Byatt et al. does not teach and wherein the through hole of each of the plurality of radiating arms is penetrated by one or a plurality of first conductive parts.
However, Kaegebein et al. teaches and wherein the through hole (fig. 8 [31]) of each of the plurality of radiating arms (fig. 8 [38]) is penetrated by one or a plurality of first conductive parts (fig. 8 [33]).
It would have been obvious to one having ordinary skill in the art at the time the invention was made to include and wherein the through hole of each of the plurality of radiating arms is penetrated by one or a plurality of first conductive parts as taught by Kaegebein et al. in the antenna of Byatt et al. for the benefit of providing dual polarization.
Byatt et al. and Kaegebein et al. teaches the 2N first conductive parts and the first radiating element.
Byatt et al. and/or Kaegebein et al. do not explicitly teach wherein the 2N first conductive parts and the first radiating element are connected to a common ground.
However, Smith et al. teaches wherein the 2N first conductive parts and the first radiating element are connected to a common ground (col. 2, ll. 6-12).

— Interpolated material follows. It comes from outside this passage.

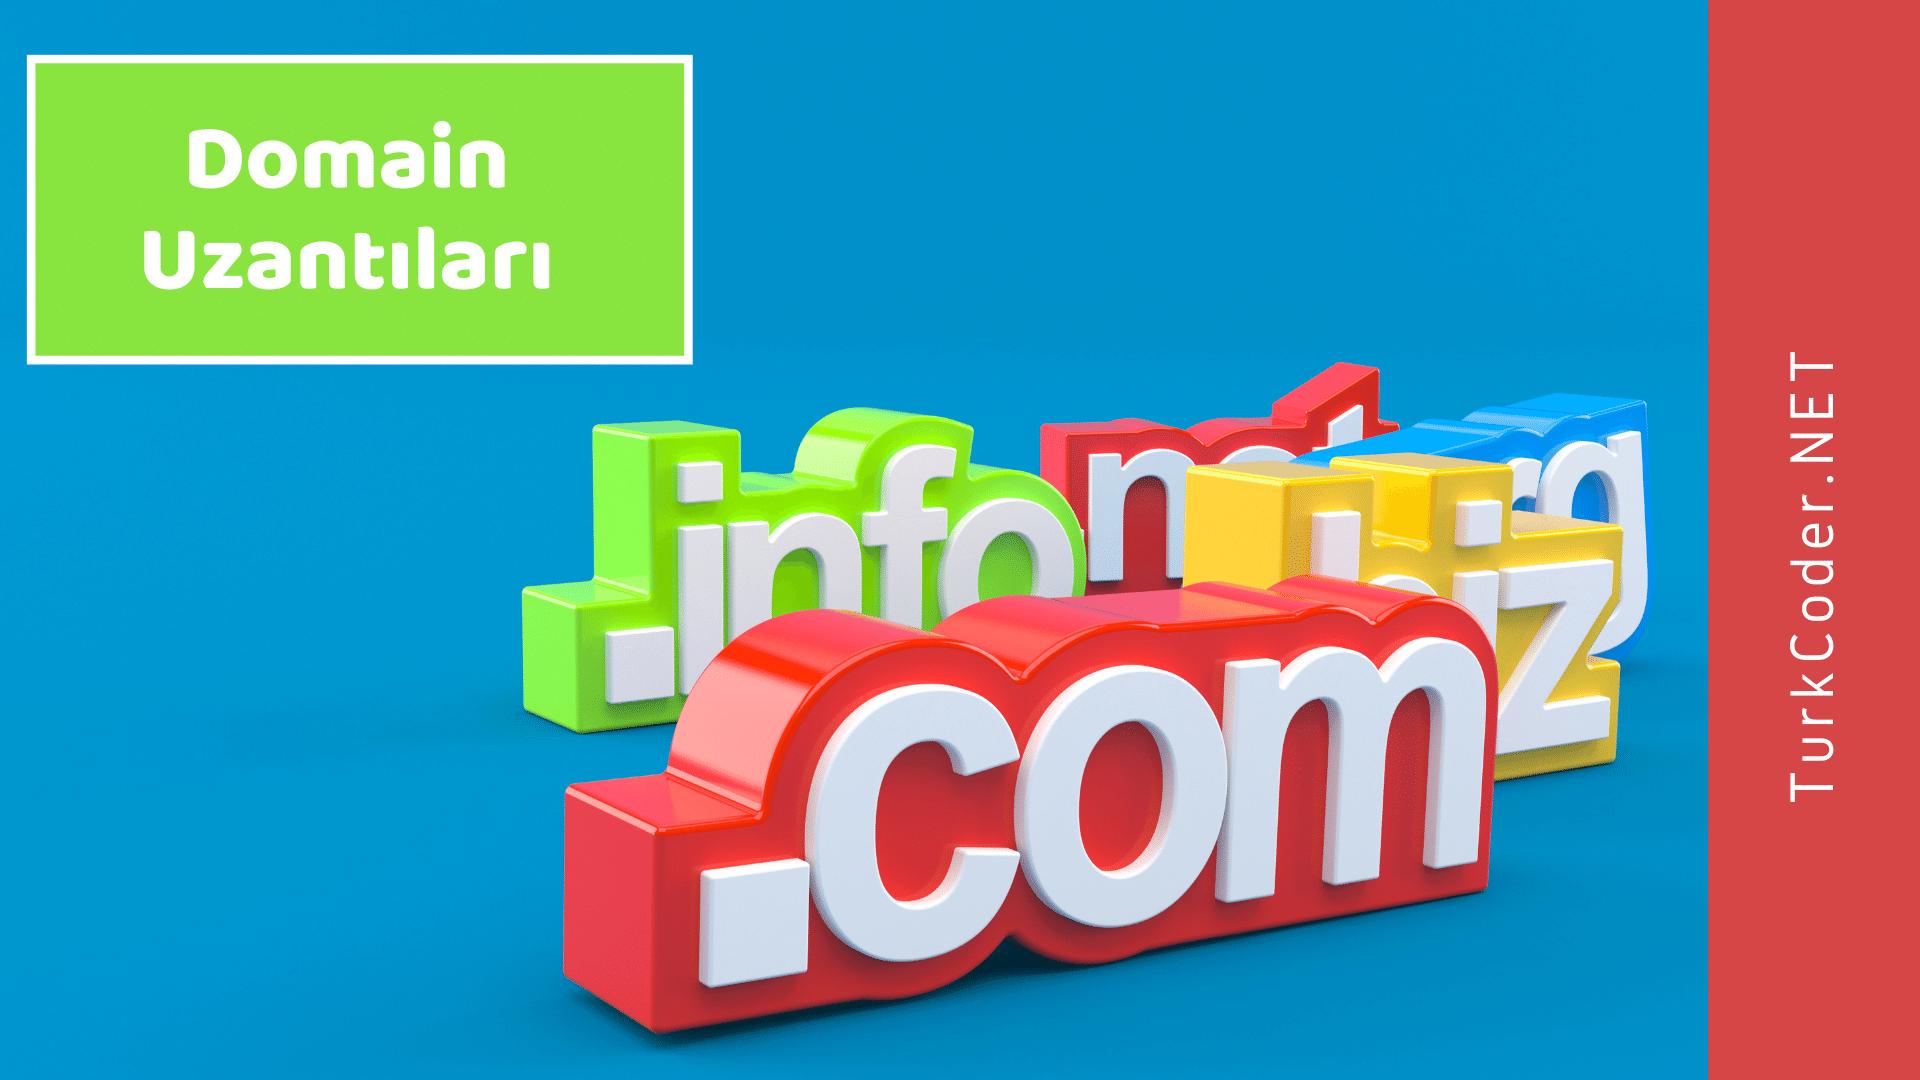 Domain Uzantıları
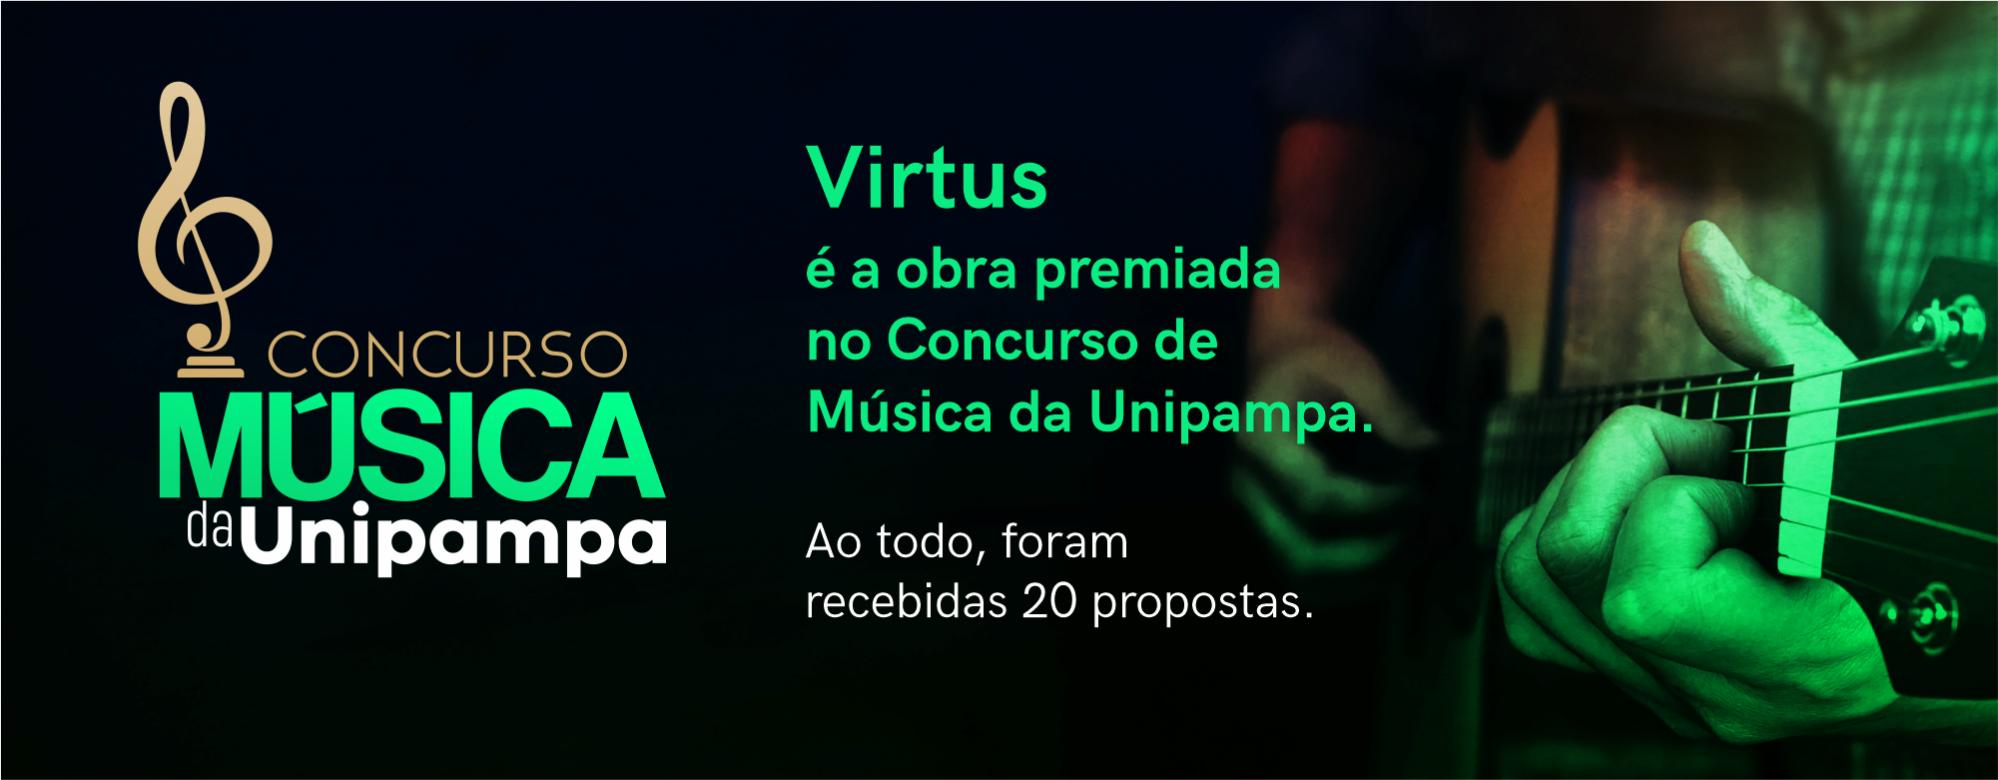 Virtus é a obra premiada no Concurso de Música da Unipampa

It would have been obvious to one having ordinary skill in the art at the time the invention was made to include wherein the 2N first conductive parts and the first radiating element are connected to a common ground as taught by Smith et al. in the antenna of Byatt et al. and Kaegebein et al. for the benefit of shielding from electromagnetic fields (Smith et al., col. 2, ll. 10-12).
Regarding claim 2, Huang et al. teaches wherein a respective first conductive part (fig. 3 annotated hereinbelow) is configured to narrow a beam width of the first radiating element.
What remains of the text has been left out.